## TASK PROMPT
When you reach a picture, pass over it; otherwise repeat the listing word for word.

## INFORMATION SUPPLIED
□ □ □ □ □

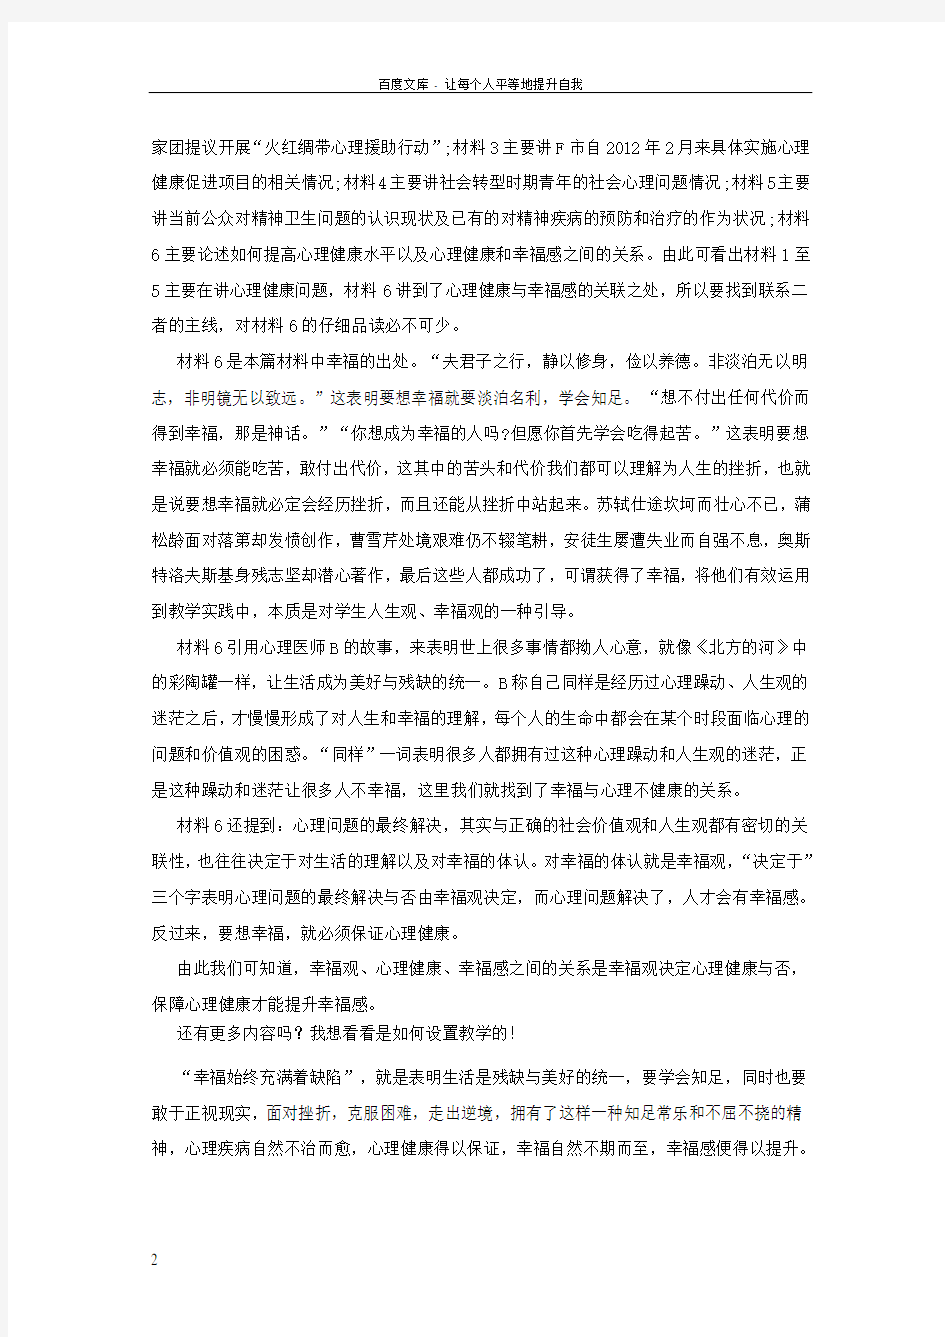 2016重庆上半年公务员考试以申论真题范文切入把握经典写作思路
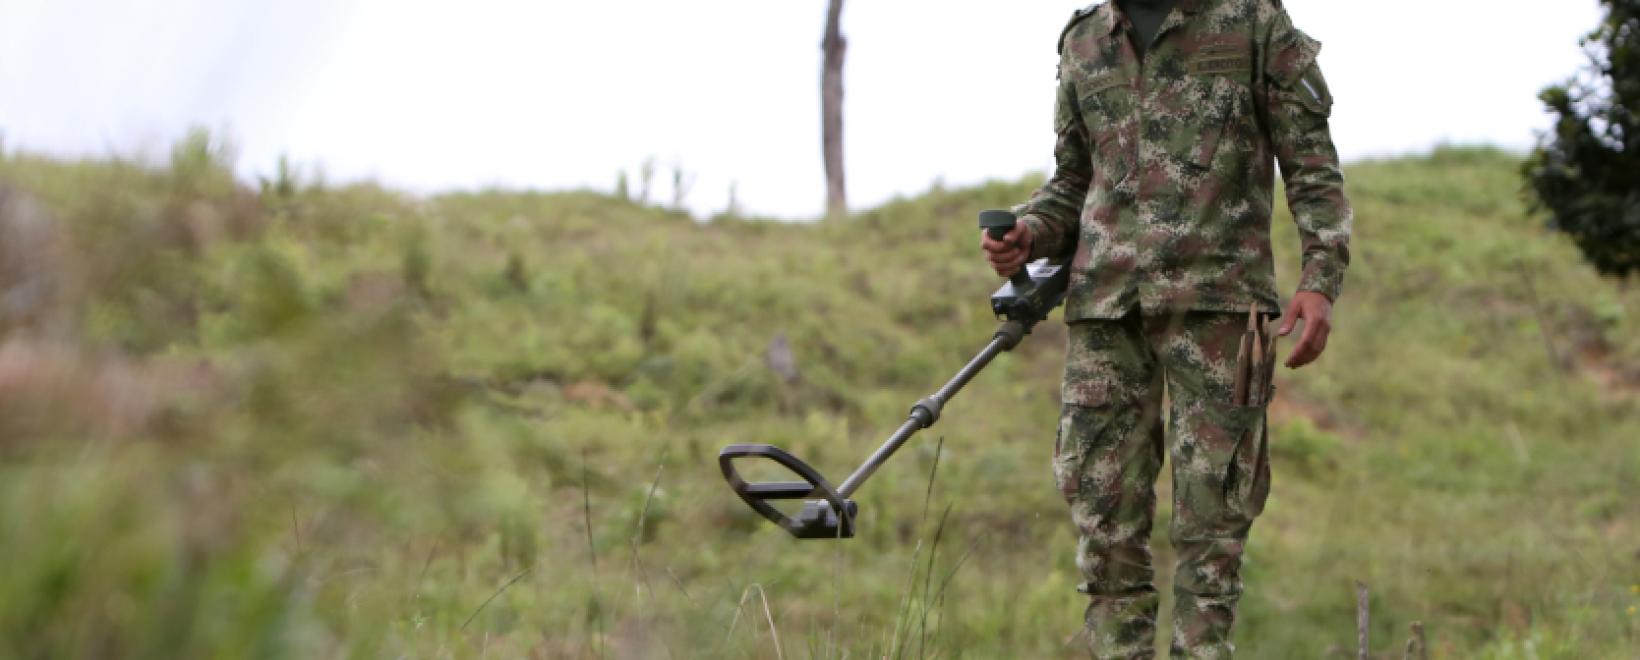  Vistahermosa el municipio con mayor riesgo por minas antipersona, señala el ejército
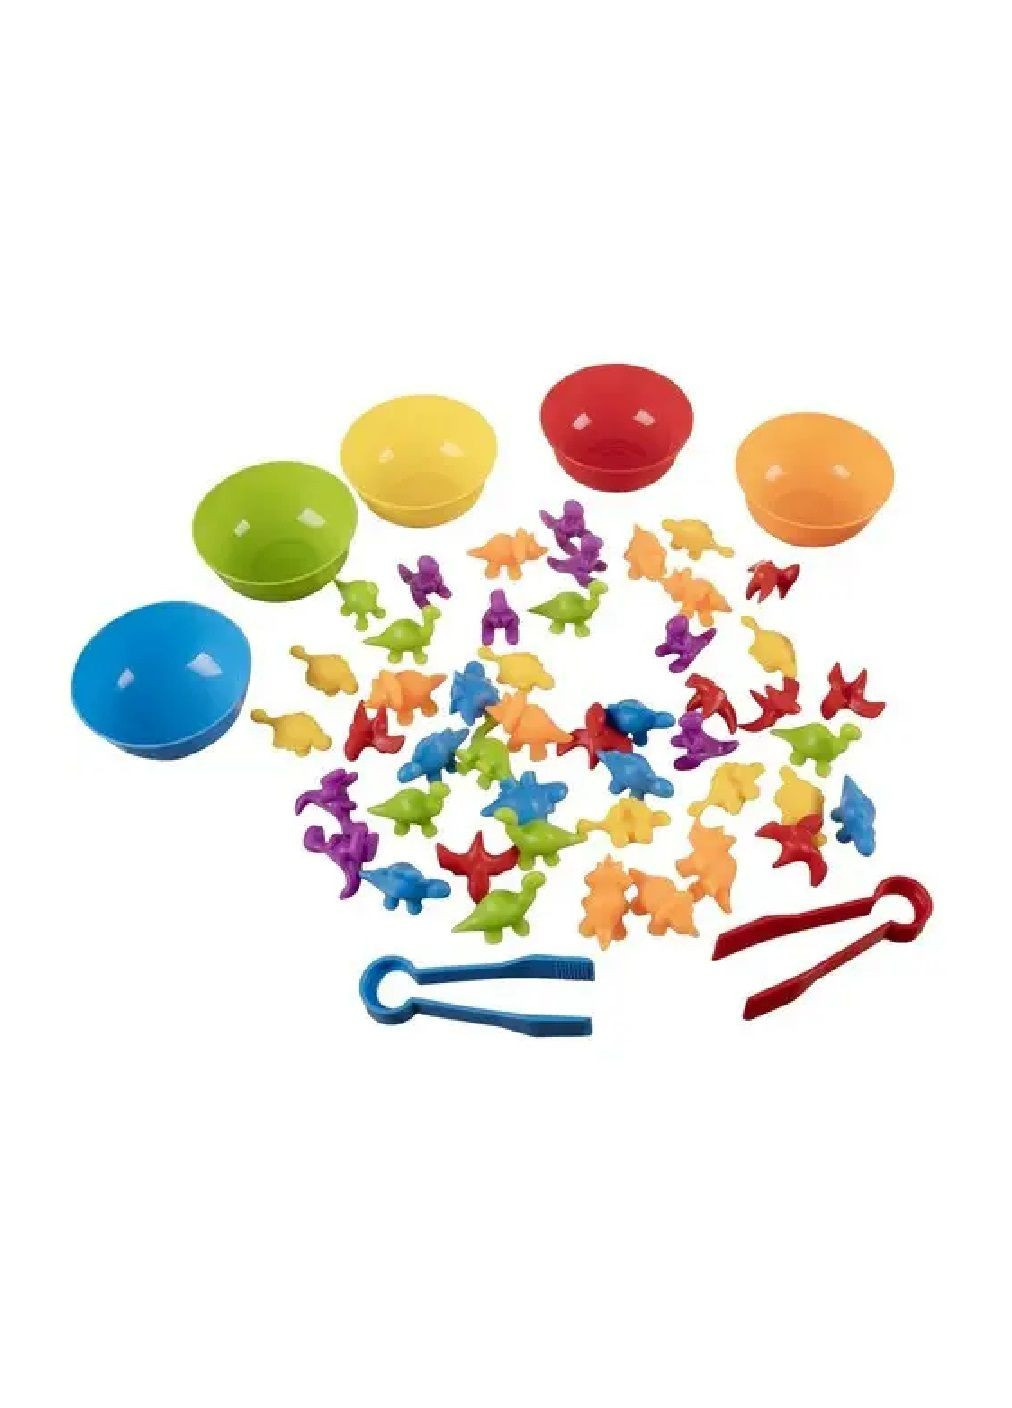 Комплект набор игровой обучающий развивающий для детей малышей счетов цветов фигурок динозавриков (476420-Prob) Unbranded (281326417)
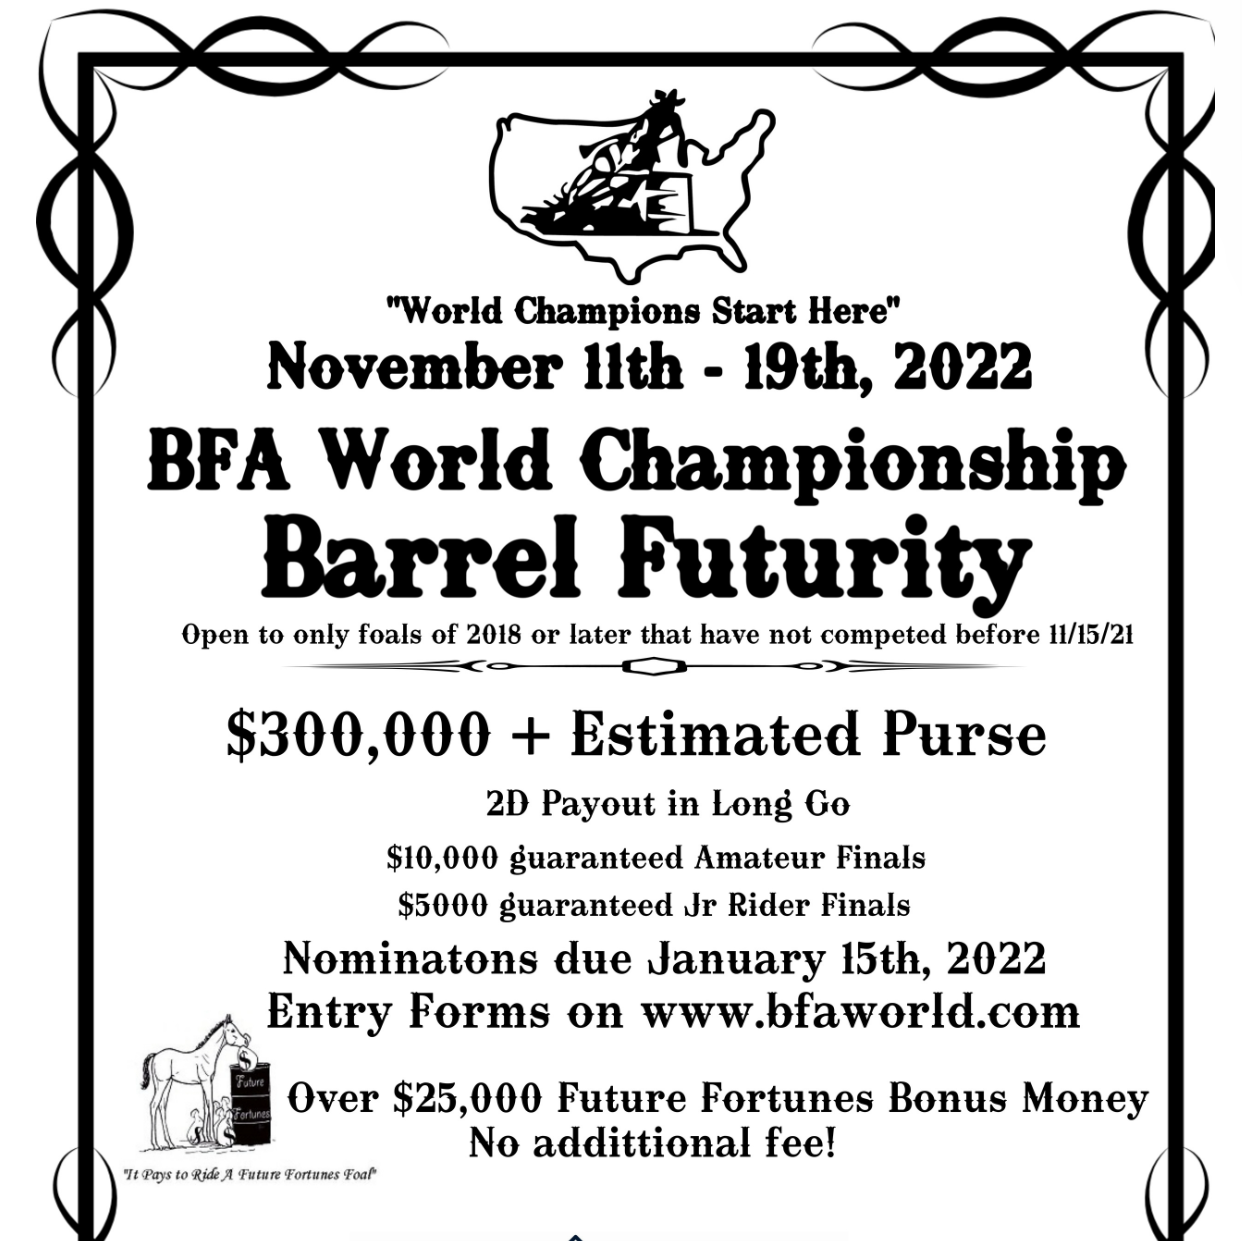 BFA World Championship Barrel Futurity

□ □ □ □ □

## ANSWER TO THE EXERCISE
 2016重庆上半年公务员考试以申论真题范文切入把握经典写作思路
  Vistahermosa el municipio con mayor riesgo por minas antipersona, señala el ejército
 Комплект набор игровой обучающий развивающий для детей малышей счетов цветов фигурок динозавриков (476420-Prob) Unbranded (281326417)
 BFA World Championship Barrel Futurity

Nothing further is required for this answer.